> _Assigned task_
Only the lines from the beginning of the data through the line holding "Red Top 3/4 Sleeve Talbots, Size 1x" belong in the answer, printed exactly and without pictures.

> _Source data_

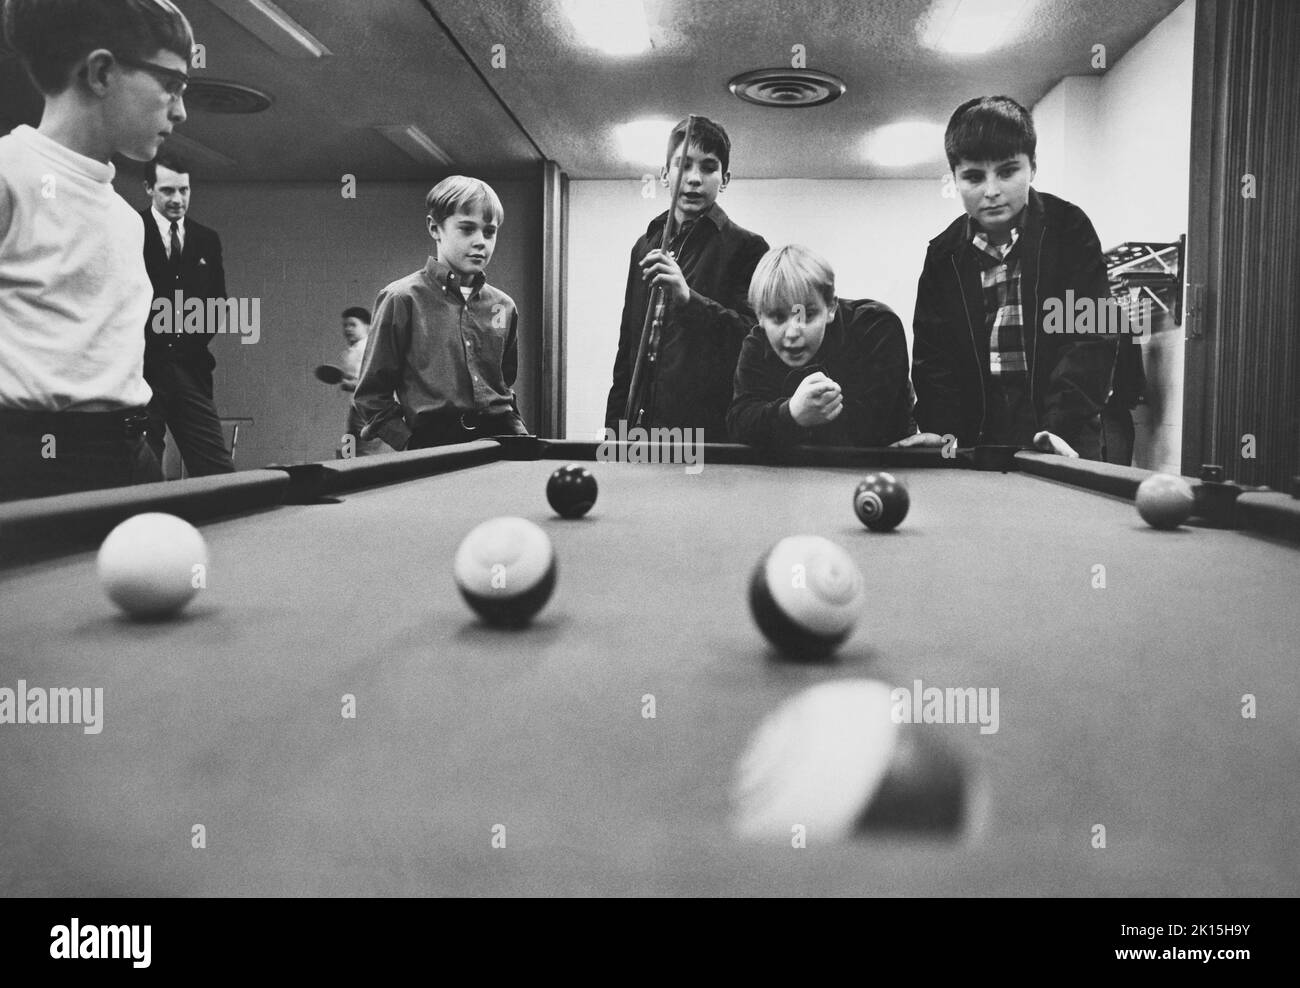 A group of boys play pool at a church recreation center in Atlanta, Georgia while an adult supervisor looks on. Pool, also more formally known as pocket billiards (mostly in North America) or pool billiards (mostly in Europe and Australia), is the family of cue sports and games played on a pool table having six receptacles called pockets along the rails, into which balls are deposited as the main goal of play. Popular versions include eight-ball and nine-ball. An obsolete term for pool is six-pocket. 1968, Stock Photo
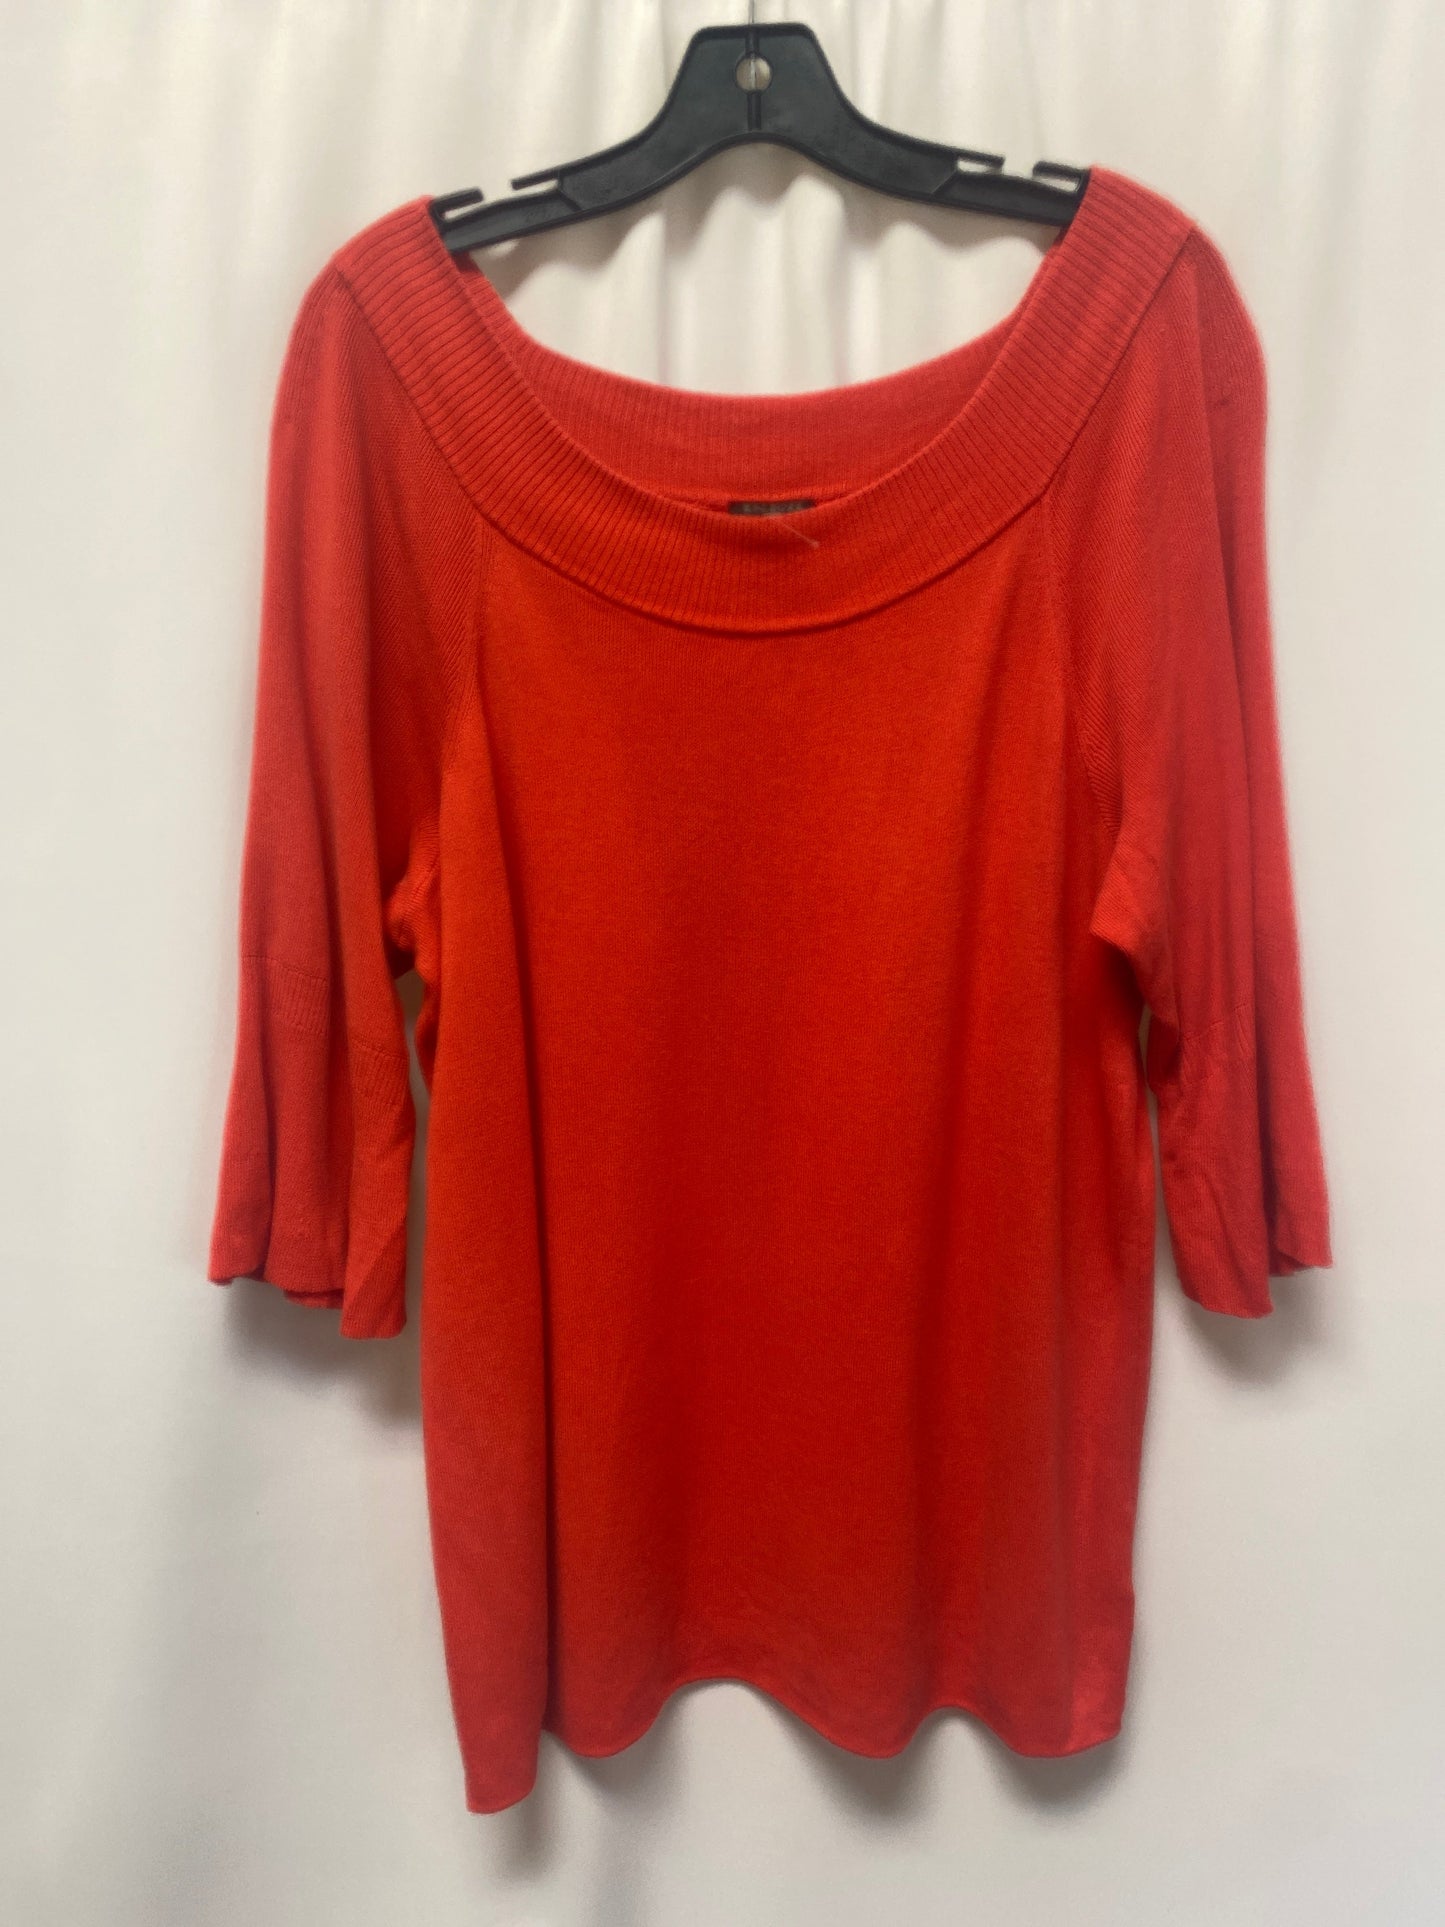 Red Top 3/4 Sleeve Talbots, Size 1x
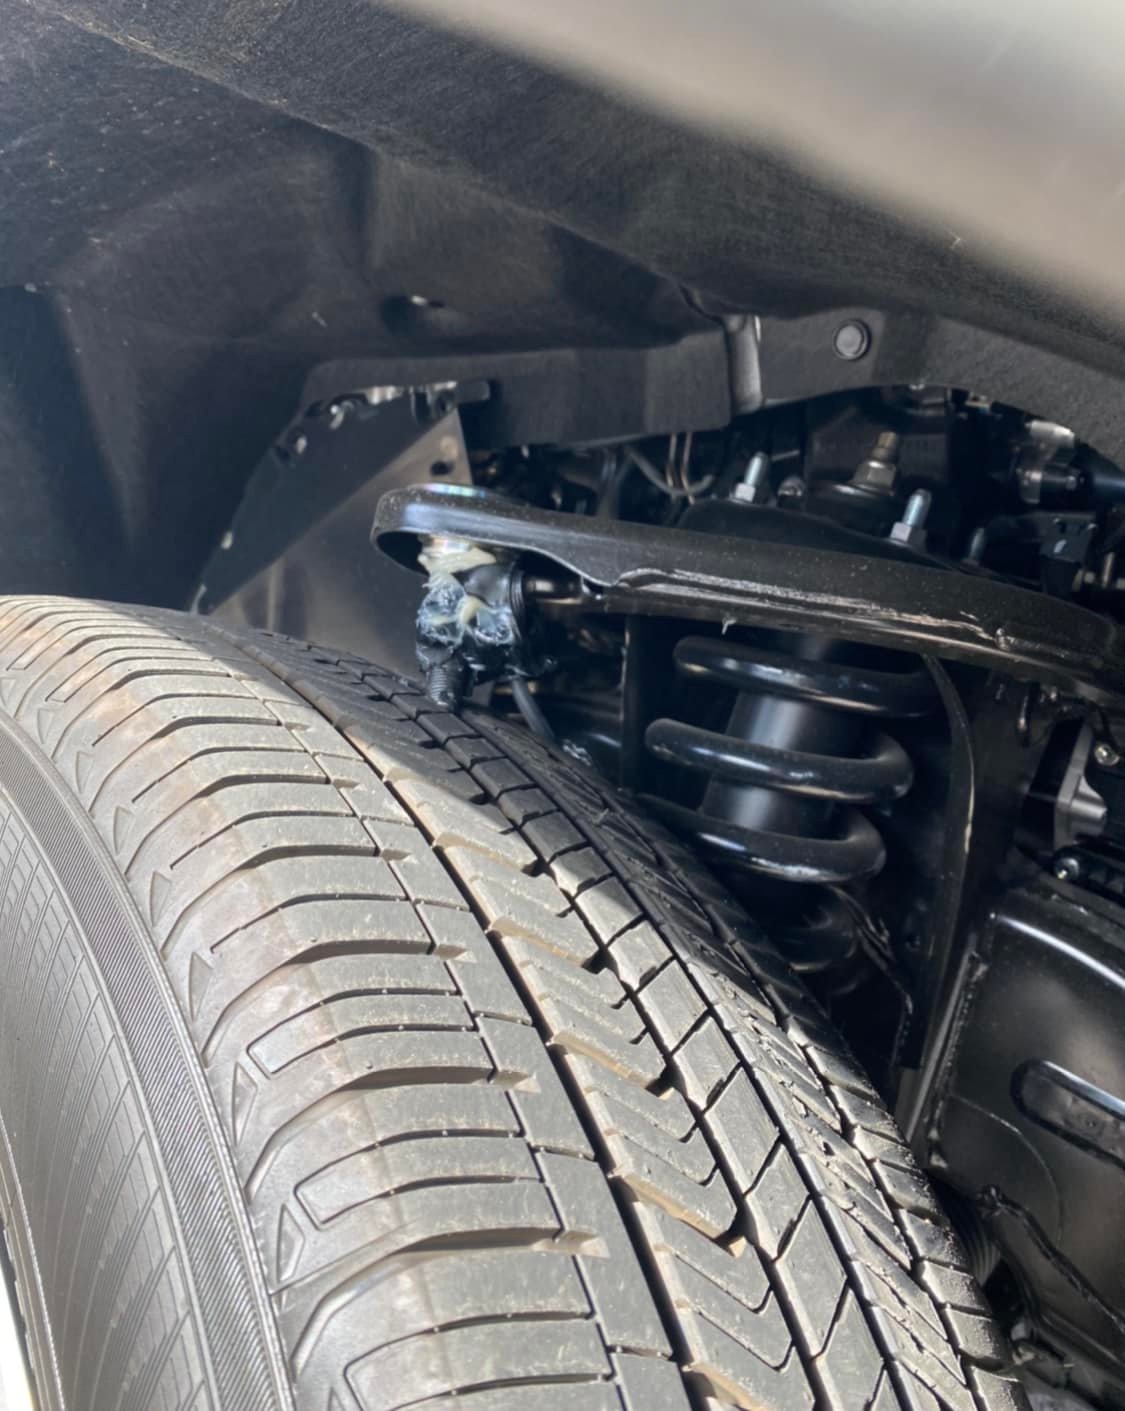 2022 Toyota Tundra Control Arm Bolt Fails Catastrophically, Owner Isn’t

> _Result for this task_
 A group of boys play pool at a church recreation center in Atlanta, Georgia while an adult supervisor looks on. Pool, also more formally known as pocket billiards (mostly in North America) or pool billiards (mostly in Europe and Australia), is the family of cue sports and games played on a pool table having six receptacles called pockets along the rails, into which balls are deposited as the main goal of play. Popular versions include eight-ball and nine-ball. An obsolete term for pool is six-pocket. 1968, Stock Photo
 Red Top 3/4 Sleeve Talbots, Size 1x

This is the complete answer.